As early as 2021, Baidu open-sourced the ERNIE-M multilingual pre-trained model. While adhering to a closed-source approach, Baidu demonstrates a parallel strategy by providing third-party open-source large model APIs through its PaddlePaddle Intelligent Cloud platform. This method allows Baidu to maintain the independence of its technology while also leveraging the innovation benefits brought by the open-source ecosystem. Alibaba Cloud has explicitly stated that open source is part of its strategy, forming an integrated system of open and closed source, and emphasizing the services of the "Hundred Refinements" platform to gain benefits in computing power, tools, and services. Although Tencent started open-sourcing large models relatively late, its open-sourced Hunyuan Wensheng Graph model shows Tencent's active exploration in the open-source field.

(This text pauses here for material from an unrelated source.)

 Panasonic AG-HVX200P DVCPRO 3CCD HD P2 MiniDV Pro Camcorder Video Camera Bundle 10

Huawei Cloud develops the PanGu large model through a closed-source approach and provides third-party open-source large models through the "Hundred Models, Thousand States" section, showing its diversified layout in open and closed source strategies. Zhipu, as one of the early domestic companies to open-source large models, has gained widespread attention through its open-source models and has promoted significant development in financing and commercialization. Baichuan Corporation released an open-source commercial large model, which attracted industry attention and continued to open-source new models subsequently. Kunlun Wanwei open-sourced the sparse large language model Skywork-MoE and adopted a closed-source business model in fields such as music and gaming. Kai-Fu Lee's startup, Zero One Infinity, has also adopted a dual approach of open and closed source, expanding the market through open-source models and releasing the closed-source Yi-Large model.

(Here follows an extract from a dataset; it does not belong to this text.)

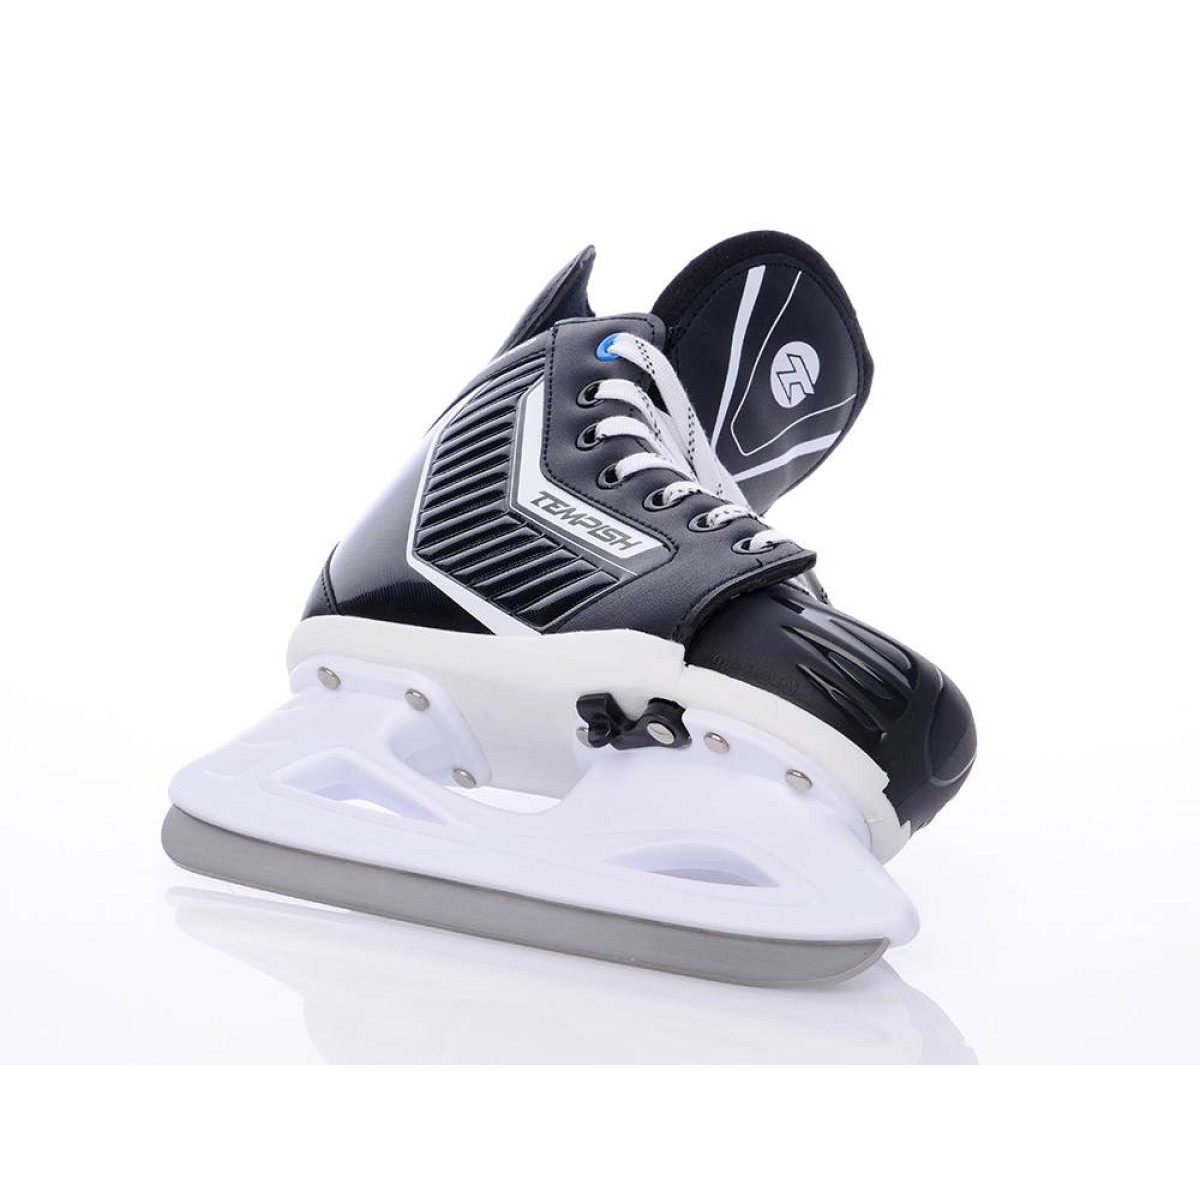 FS 200 adjustable hockey skate TEMPISH - view 13

In summary, major vendors have different emphases in their open and closed source strategies, forming a complex competitive landscape — open-source large models can promote technology sharing and community collaboration, while closed-source large models help protect intellectual property and obtain commercial benefits. This diversified development model not only promotes technological innovation but also provides more choices for users with different needs.